▶ **EXCERPTED DATA**
-- -- --

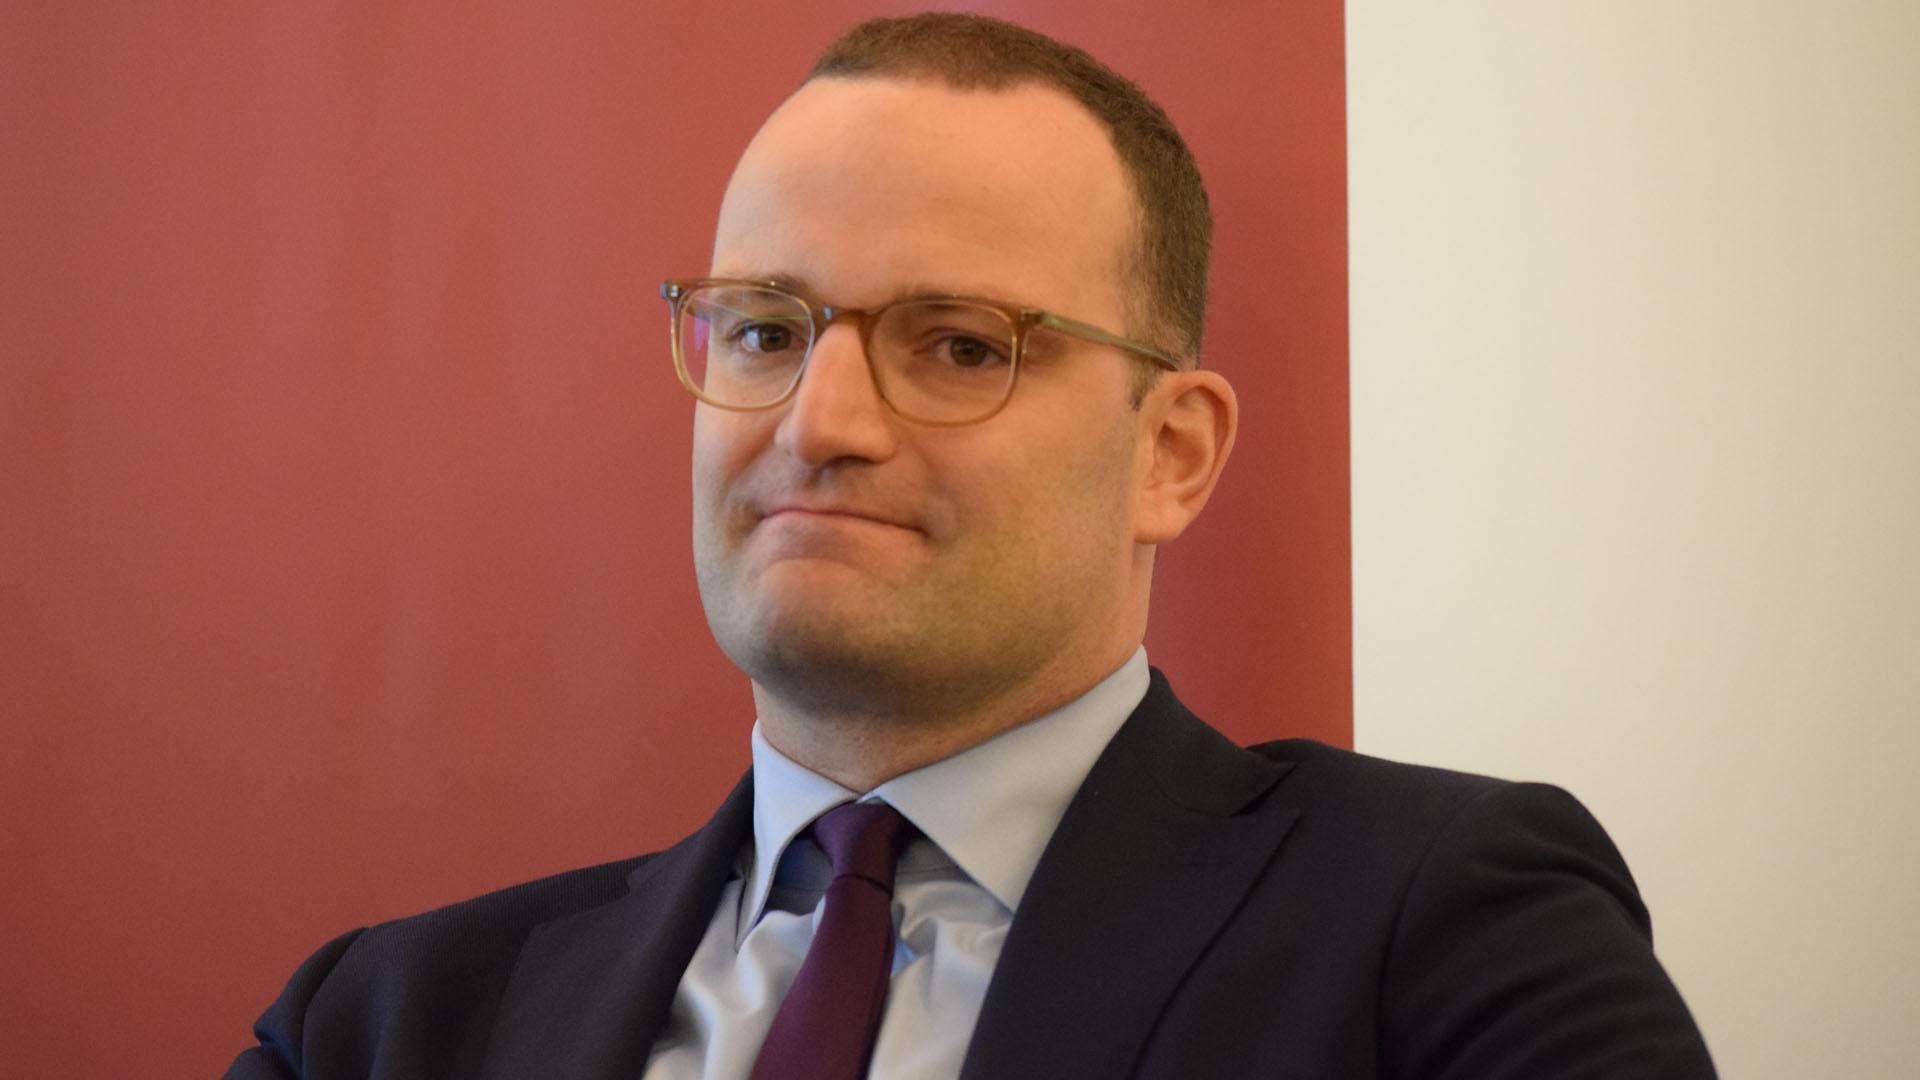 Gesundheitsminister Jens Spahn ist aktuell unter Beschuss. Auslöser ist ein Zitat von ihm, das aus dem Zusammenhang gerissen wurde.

-- -- --

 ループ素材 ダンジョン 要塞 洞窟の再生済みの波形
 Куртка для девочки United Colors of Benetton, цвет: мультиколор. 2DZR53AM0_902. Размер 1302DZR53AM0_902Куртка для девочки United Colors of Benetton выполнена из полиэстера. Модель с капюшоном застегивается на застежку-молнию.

-- -- --

All that is needed is the exact run of lines above from the line containing "ループ素材 ダンジョン 要塞 洞窟の再生済みの波形" through the line containing "Куртка для девочки United Colors of Benetton, цвет: мультиколор.", both of them included.

▶ **TASK ANSWER**
 ループ素材 ダンジョン 要塞 洞窟の再生済みの波形
 Куртка для девочки United Colors of Benetton, цвет: мультиколор. 2DZR53AM0_902. Размер 1302DZR53AM0_902Куртка для девочки United Colors of Benetton выполнена из полиэстера. Модель с капюшоном застегивается на застежку-молнию.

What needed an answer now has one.